A hexaploid ‘hybrid species’ of which one parent was an octoploid form of the W. American species R. ursinus (vitifolius) and the other the raspberry variety ‘Red Antwerp’. See further in Crane and Lawrence, Genetics of Garden Plants (1952), pp. 239–41. It was raised in California in 1881.Another blackberry-raspberry cross is the so called Veitchberry, raised for Messrs Veitch by their well known hybridiser John Seden and originally called ‘The Mahdi’. Like the loganberry, this too behaves as a species, coming more or less true from seed when selfed. The blackberry parent was R. ulmifolius (op. cit., p. 241). ‘Bedford Giant’ is a seedling of the Veitchberry.

var. anomalus Arrhenius

R. leesii (Bab). Bab.
R. idaeus var. leesii Bab.
R. idaeus f. obtusifolius (Willd.) Focke
R. obtusifolius Willd

This differs in having much more rounded leaflets than common R. idaeus, the central one being rarely stalked. It is found wild in Devon and Somerset and elsewhere in England and Scotland, as well as on the continent. It rarely sets good seeds because of a defect in the ovary, but it has been raised from them and found to breed true. It is said to have been raised in cultivation by crossing a raspberry with pollen of a strawberry (see Gard. Chron., Vol. 20 (1883), p. 12, fig. 3, and pp. 150, 214, 276, 342).
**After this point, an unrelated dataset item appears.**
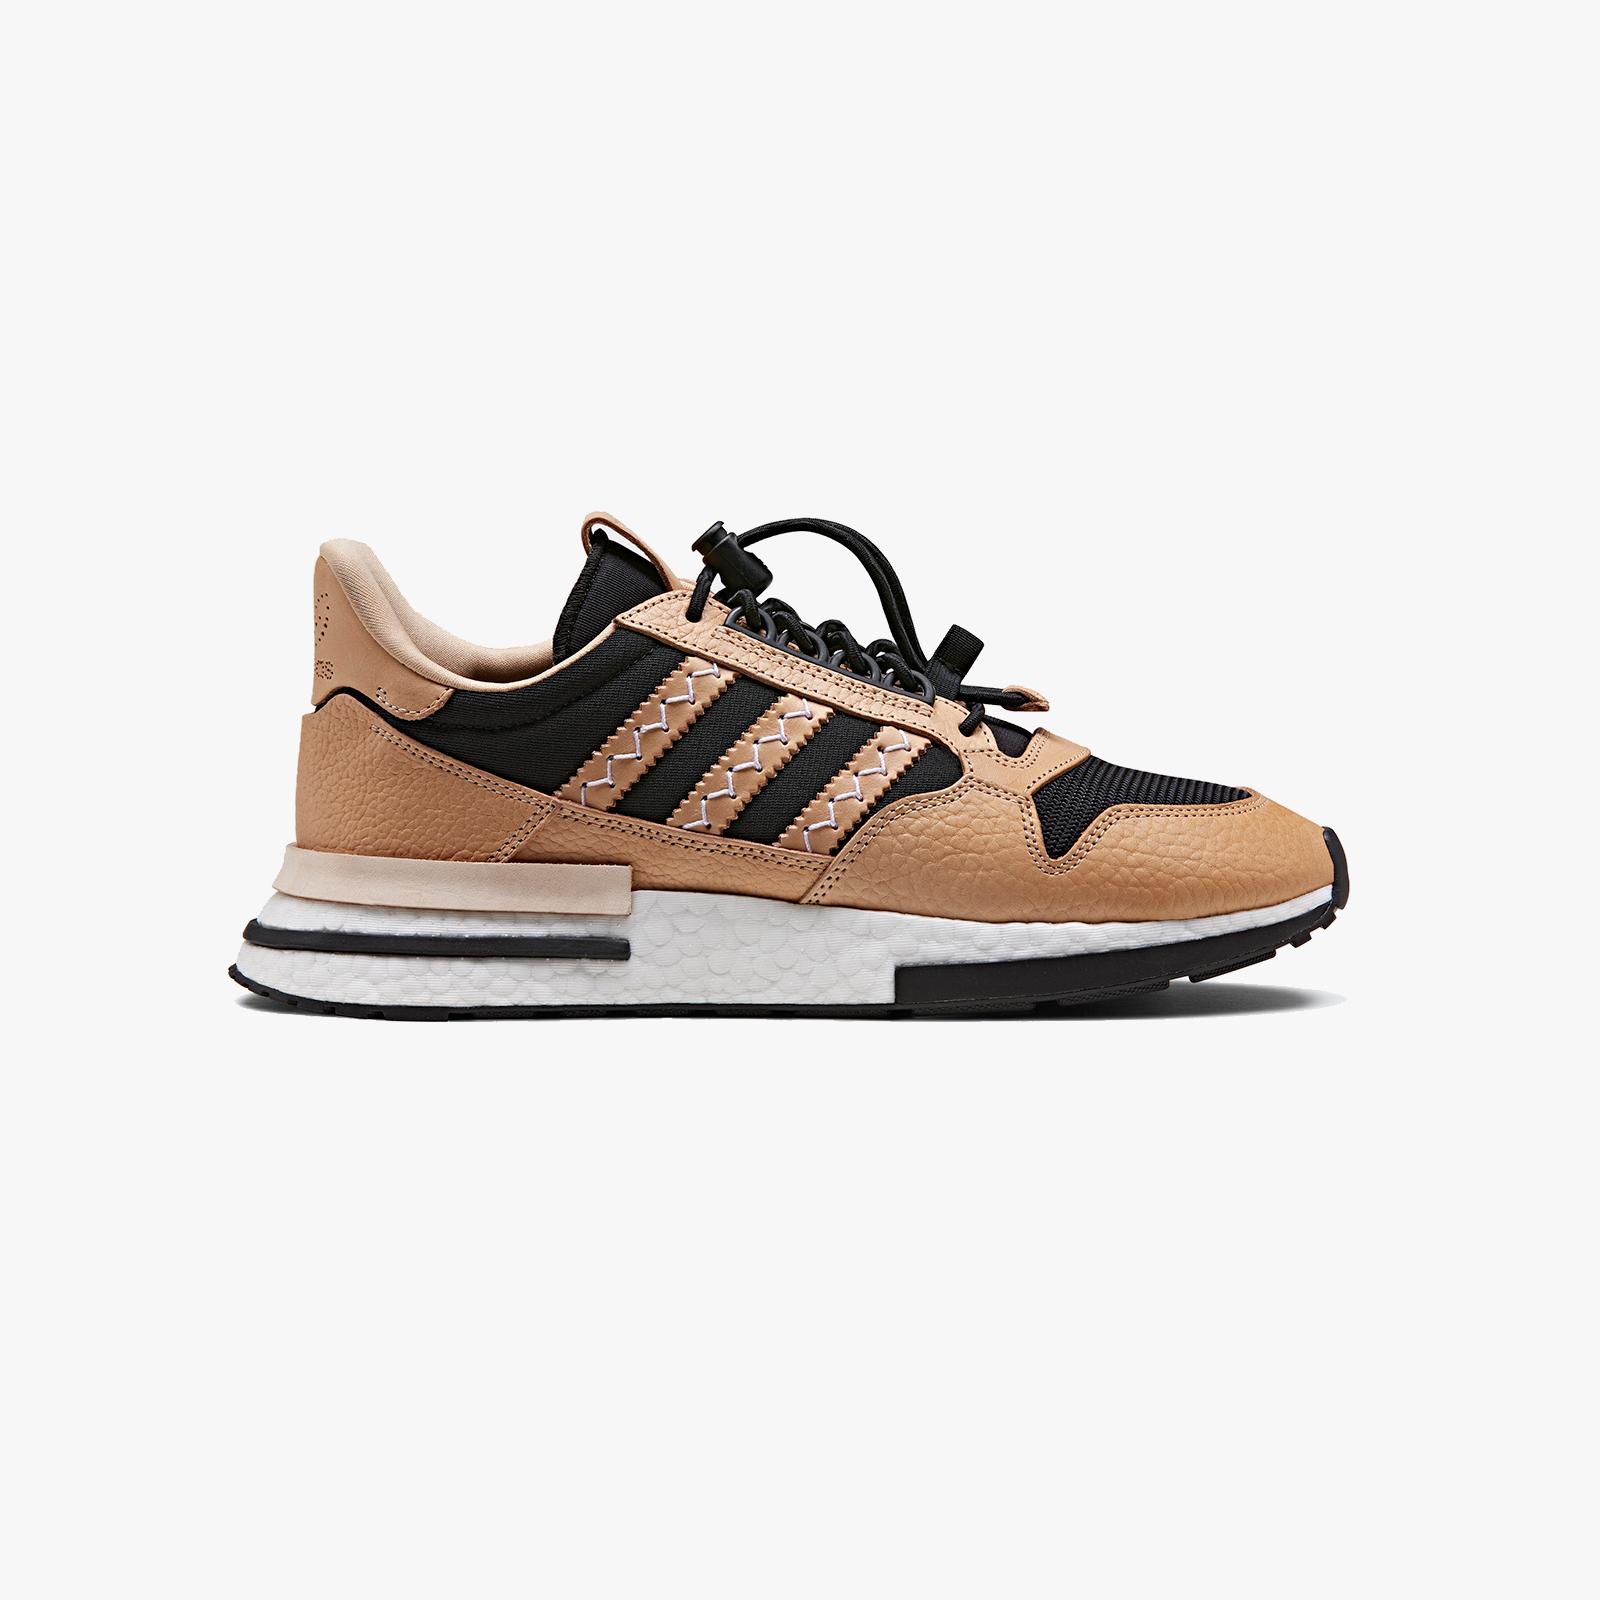 2b8171859b7c7 adidas ZX 500 RM MT x Hender Scheme - F36047 - Sneakersnstuff

var. strigosus (Michx.) Maxim.

Common Names
American Raspberry

R. strigosus Michx.

Stems densely clad with bristles which are frequently gland-tipped. Inflorescence-axes also bristly and glandular. Native of N. America, where it ranges across the continent from Newfoundland to British Columbia, and south to Virginia. It is the source of several American varieties of raspberry, the European sorts being mostly unsuitable for the American climate except in the Pacific West. Other American varieties derive from R. occidentalis (q.v.) or from hybrids between it and R. idaeus var. strigosus.